By: Alec Davis (alecdavis) 2010-09-28 06:48:56

this may be a local channel masquerade problem.
try the '/n' option like:

Dial(Local/1234@context/n)

By: Walter Doekes (wdoekes) 2010-09-28 09:25:31

Wow. Indeed. I've replaced all occurrences of the Local Dial and I haven't succeeded in crashing it yet.

Thanks!

My cdr's still look the same and my ${__variables} work too.
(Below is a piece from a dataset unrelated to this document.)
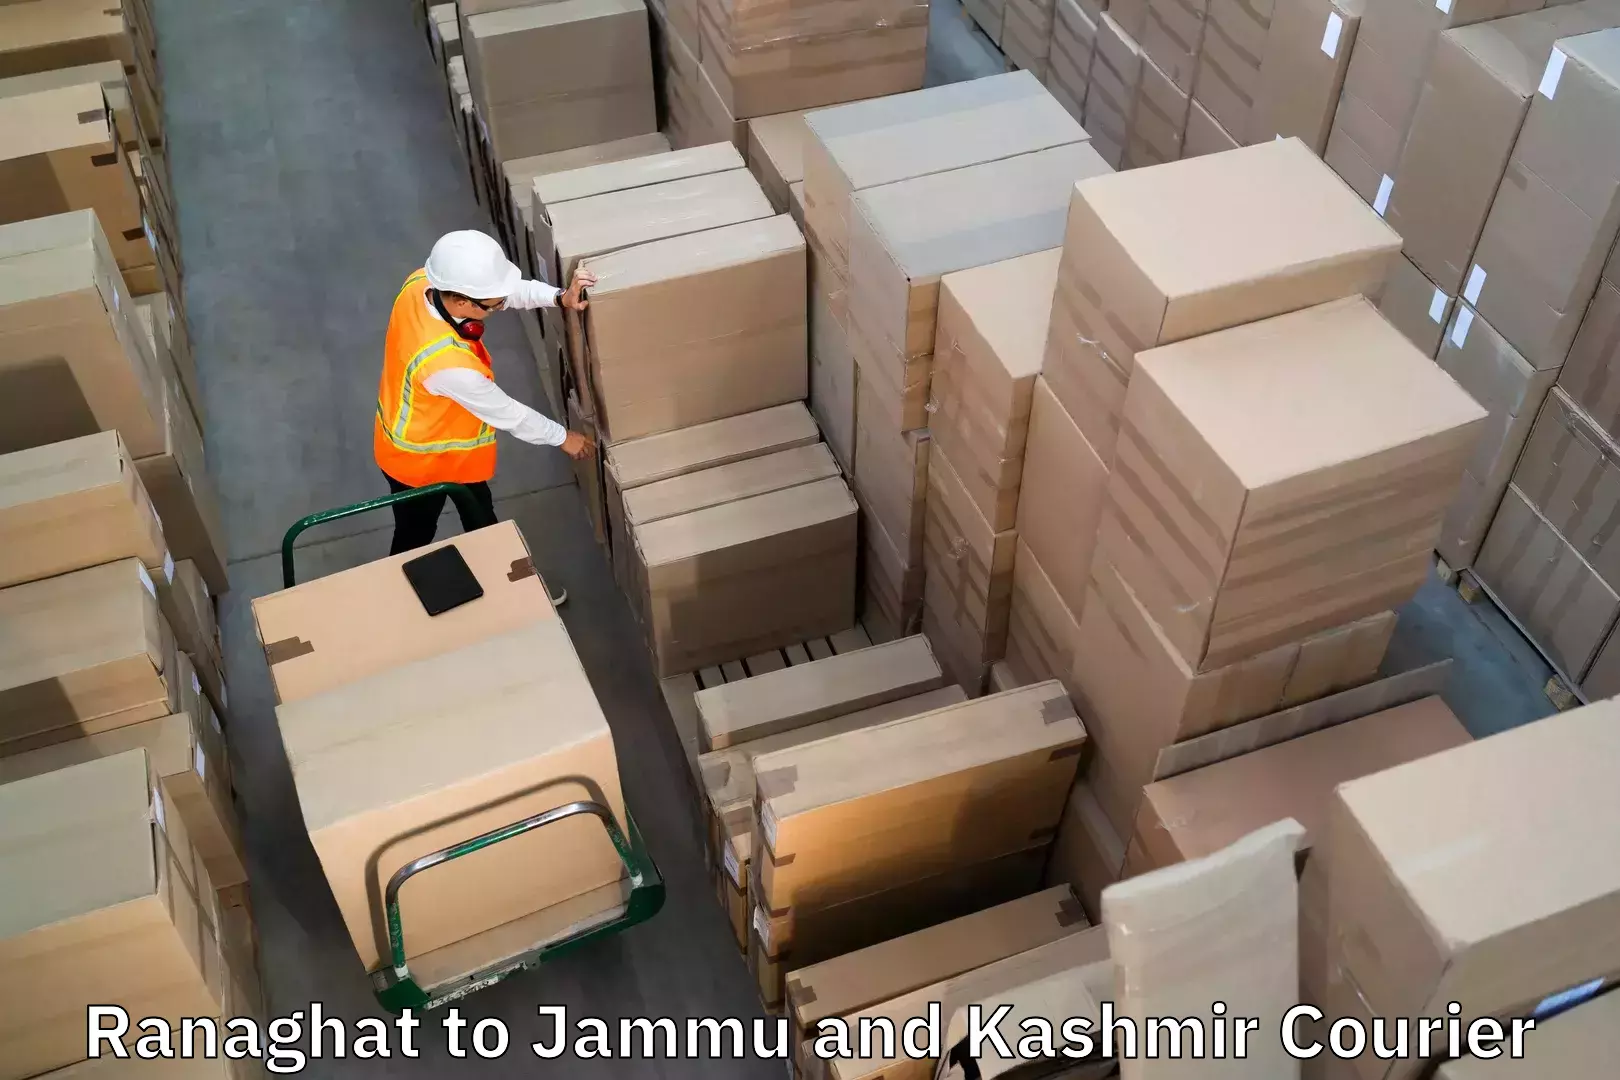 Baggage relocation service Ranaghat to Rajouri

What's the catch?

By: David Woolley (davidw) 2010-09-28 09:58:54

The catch is that you have an extra layer of relaying the RTP packets and there is no possibility of an external bridge.

By: Leif Madsen (lmadsen) 2010-09-28 11:07:35

We should probably still handle this a bit more gracefully than crashing :)

By: Alec Davis (alecdavis) 2010-09-28 15:27:34

https://reviewboard.asterisk.org/r/387/
R222761 was the commit.

Did not make it into 1.6.2

By: Leif Madsen (lmadsen) 2010-09-30 14:30:33

Can you re-test with a revision that is new enough to include Alec Davis' fix?

By: Alec Davis (alecdavis) 2010-09-30 18:10:56

I believe this is fixed in 1.8 and trunk, see ASTERISK-1755801

You are going to need to try 1.8 or trunk though.

By: Walter Doekes (wdoekes) 2010-10-11 08:02:37

Bah. I tried really hard to reproduce the circumstances under which I got it to crash, but I did not succeed in crashing 1.6.2.x today.

So testing whether 1.8 crashed wouldn't have made any sense. I'll try some more in due time.

By: Leif Madsen (lmadsen) 2011-02-08 13:16:38.000-0600

I'm going to close this issue for now as the reporter wasn't able to reproduce. If you're able to reproduce this then please feel free to open a new issue with additional information (it's easier to triage a new issue that hasn't already been imported).